Born and raised in Asheville, North Carolina, David Webb began designing jewelry as a young boy. He apprenticed in his uncle's silversmith shop and learned metal smithing techniques. Webb arrived in New York at the young age of seventeen and got a job repairing jewelry in Greenwich Village. Blond, handsome, and positively brimming with Southern charm, Webb navigated his way through New York society and met Antoinette Quilleret, a wealthy socialite who immediately recognized his design talents. They opened a shop in 1945. Business wiz Nina Silberstein was brought in by Quilleret to handle the bookkeeping, and eventually she and Webb bought out the socialite and founded David Webb Inc. The jewelry designs immediately caught the attention of department stores such as Bergdorf Goodman. Besides his design genius, David Webb was a highly skilled jeweler who would often take the time to sit with his artisans and demonstrate precisely how he wanted his jewelry to be crafted. No detail, no matter how small, escaped his expert eye. Before long, David Webb jewelry was sought after by the most stylish and demanding design connoisseurs.

Although best remembered for his animal and nature inspired designs, the breadth of his design legacy is actually staggering. In particular, his Art Deco pieces combining diamonds, enamel and south sea pearls remain completely modern. The jewelry designer was known as an innovator, brightly colored bold animal motifs, and luxurious necklaces are the firm’s signature.

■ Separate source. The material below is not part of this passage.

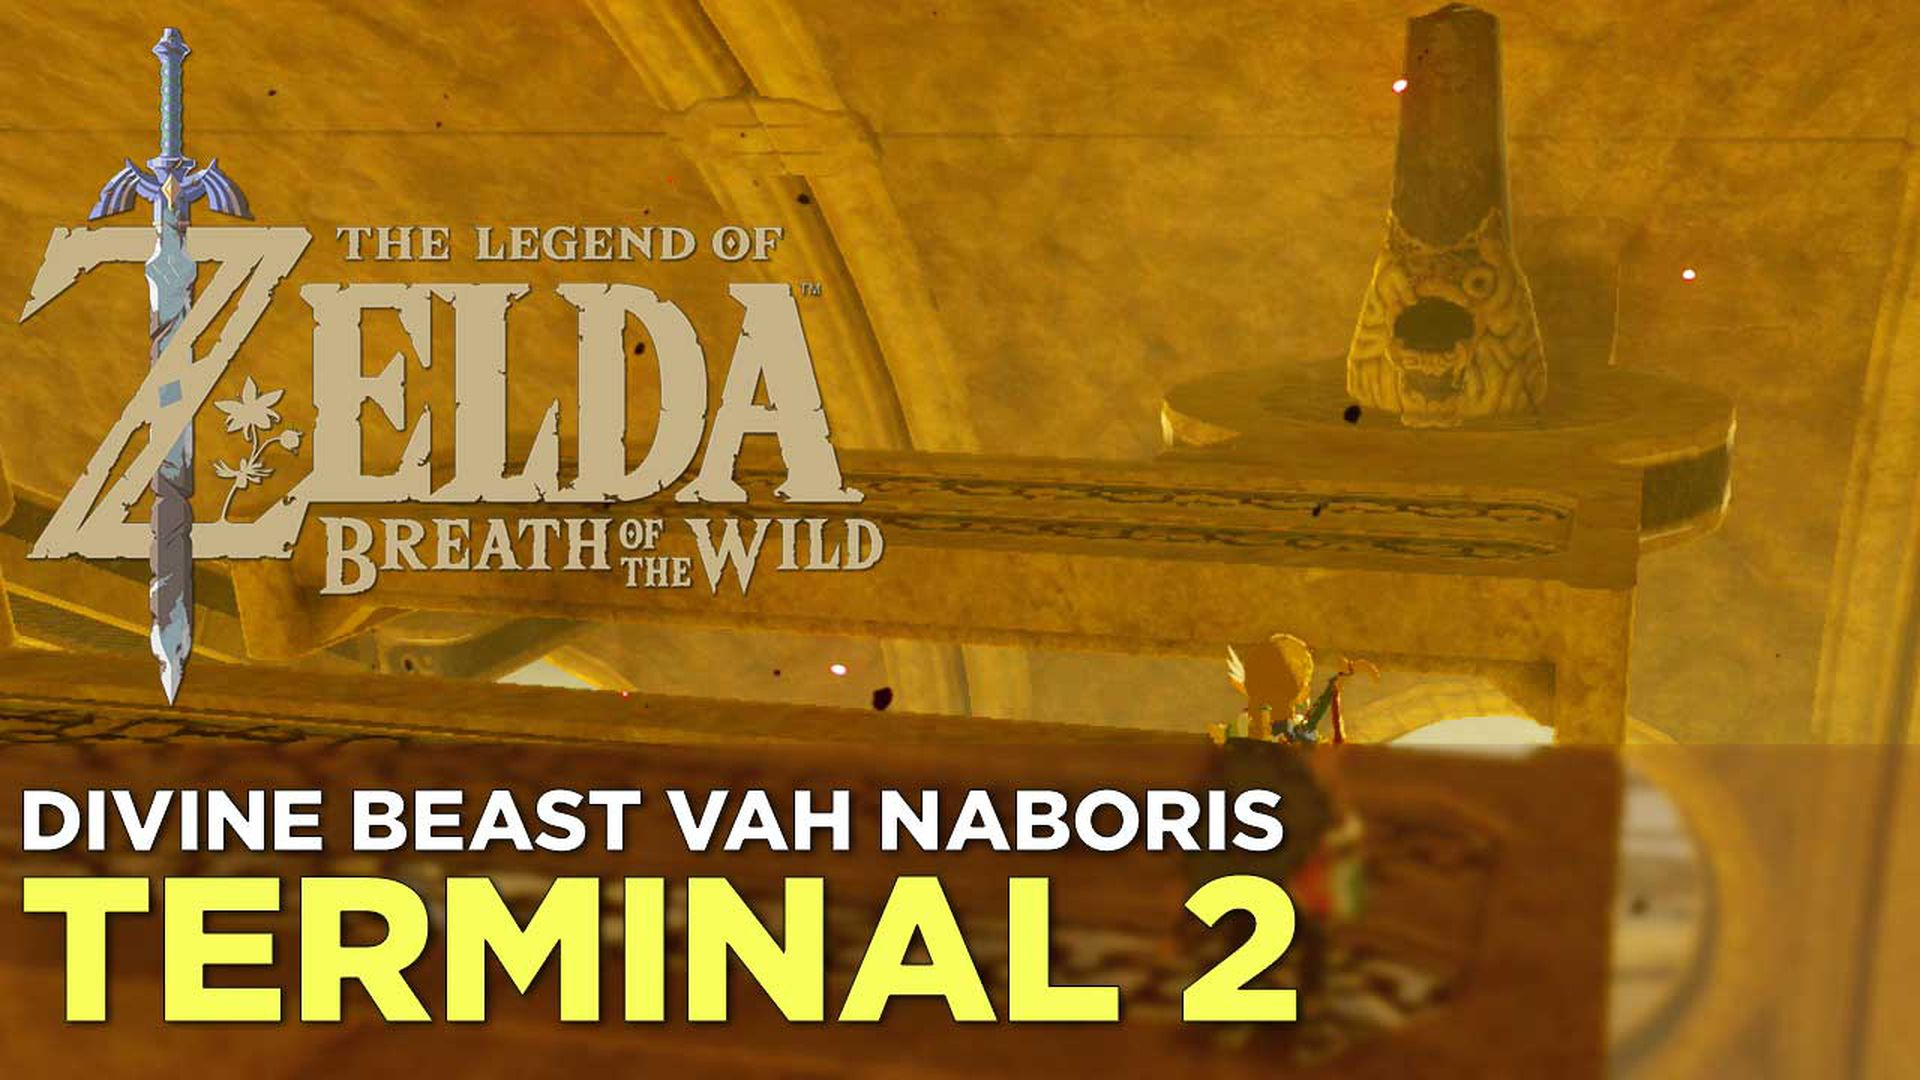 The Legend Of Zelda Breath Of The Wild Divine Beast Vah Naboris Main Quest Guide And Walkthrough Polygon

David Webb jewelry has been closely associated with socialites and movie stars virtually since its inception. Movie sirens Ava Gardner and Lana Turner wore their David Webb jewelry both on and off the big screen. Style mavens like Princess Grace of Monaco, the Duchess of Windsor, Merle Oberon, and Jacqueline Kennedy Onassis were loyal customers. Elizabeth Taylor featured 4 pages of David Webb jewelry in "My Love Affair with Jewelry," the photo book of her legendary collection. Diana Vreeland, the legendary editor of Harper's Bazaar, was rarely seen without her beloved David Webb black and white enamel zebra bangle with tiny diamonds interspersed on its mane and cabochon ruby eyes. In the seventies, the image of a young Diane von Furstenberg with her thick mane of dark, wavy hair wearing a big, bold David Webb necklace on the cover of Vogue epitomized the best of that glamorous style period.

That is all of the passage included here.